DATASET EXTRACT ->
# # # # #

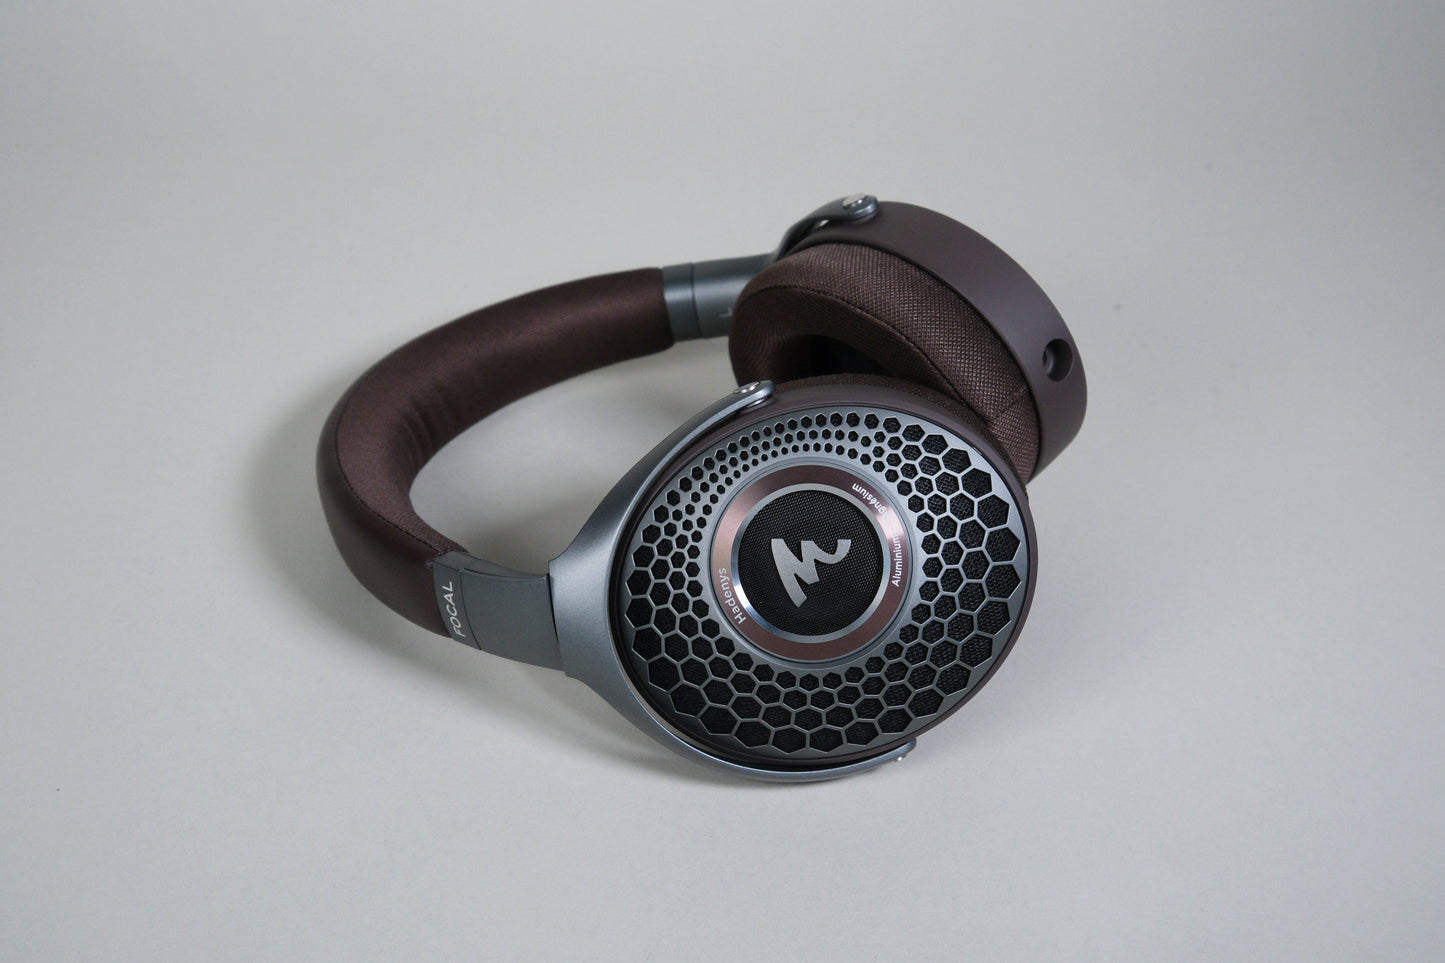 Focal Hadenys Open-back Dynamic Driver Headphones made in France - Headphones.com
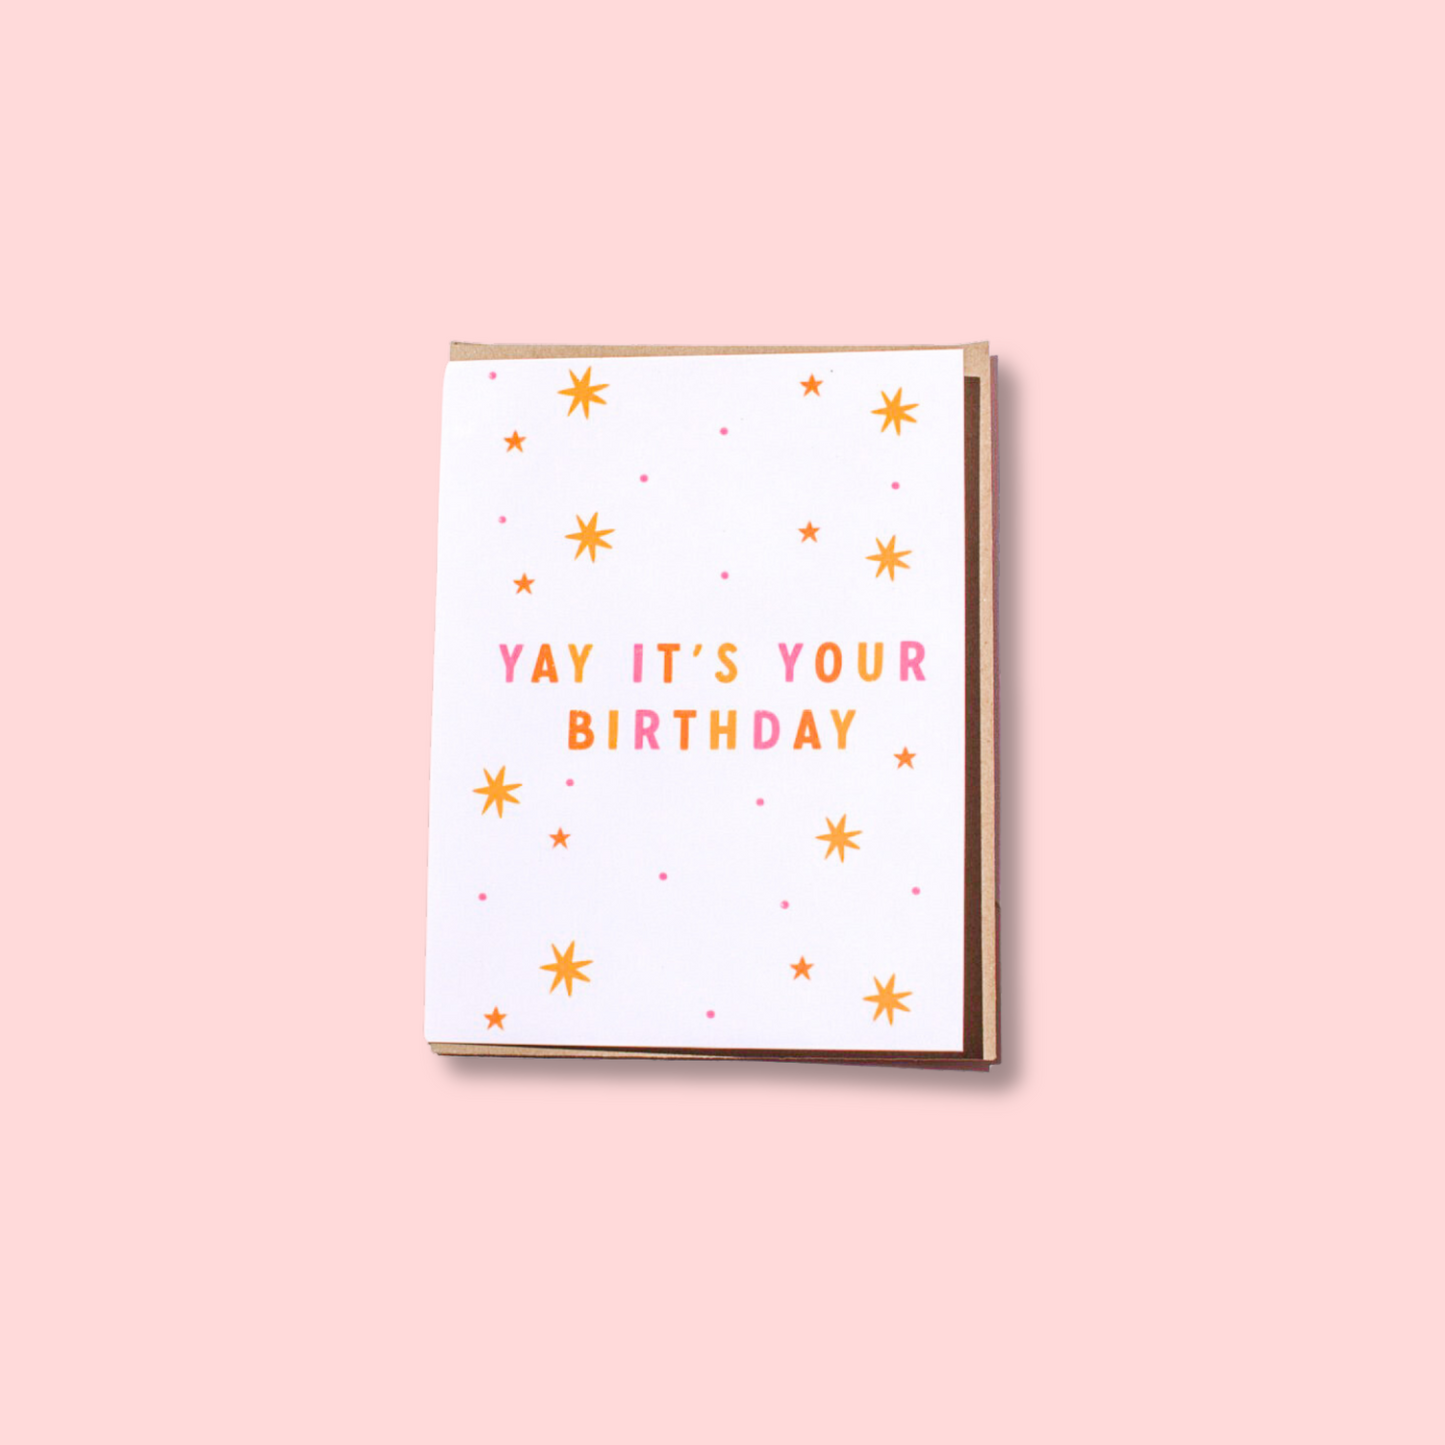 Yay It's Your Birthday Greeting Card
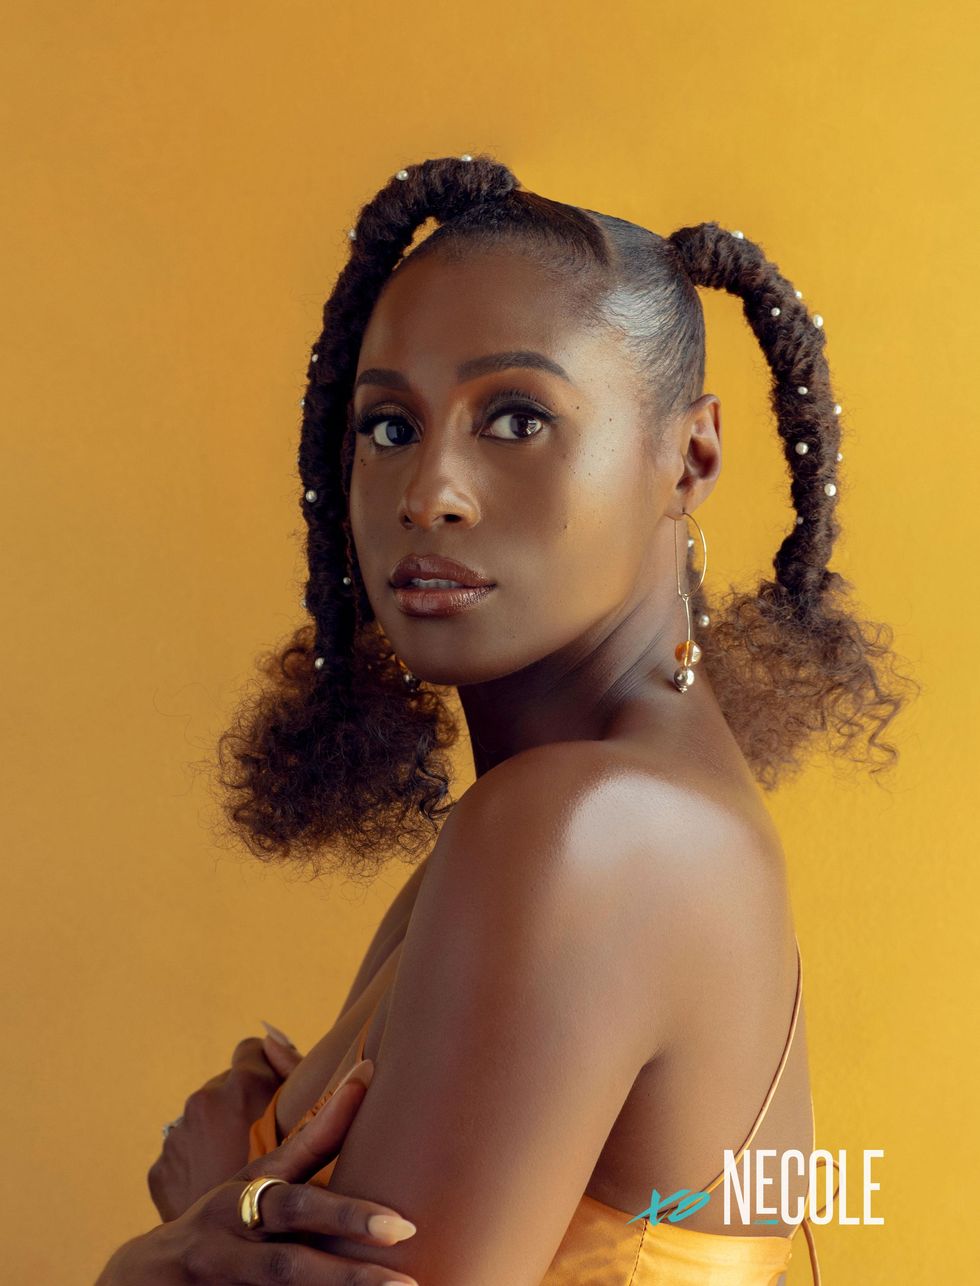 A Black woman, Issa Rae, stands to the side and looks over her shoulder, straight into the camera. Her mouth is partially open. Her arms are folded across her chest. Her hair is in four unicorn braids with curly ends and white pearls

# # # # #

Reproduce the material word for word, minus the images.

ANSWER FOR THE TASK ->
 Focal Hadenys Open-back Dynamic Driver Headphones made in France - Headphones.com
 Yay It's Your Birthday Greeting Card
 A Black woman, Issa Rae, stands to the side and looks over her shoulder, straight into the camera. Her mouth is partially open. Her arms are folded across her chest. Her hair is in four unicorn braids with curly ends and white pearls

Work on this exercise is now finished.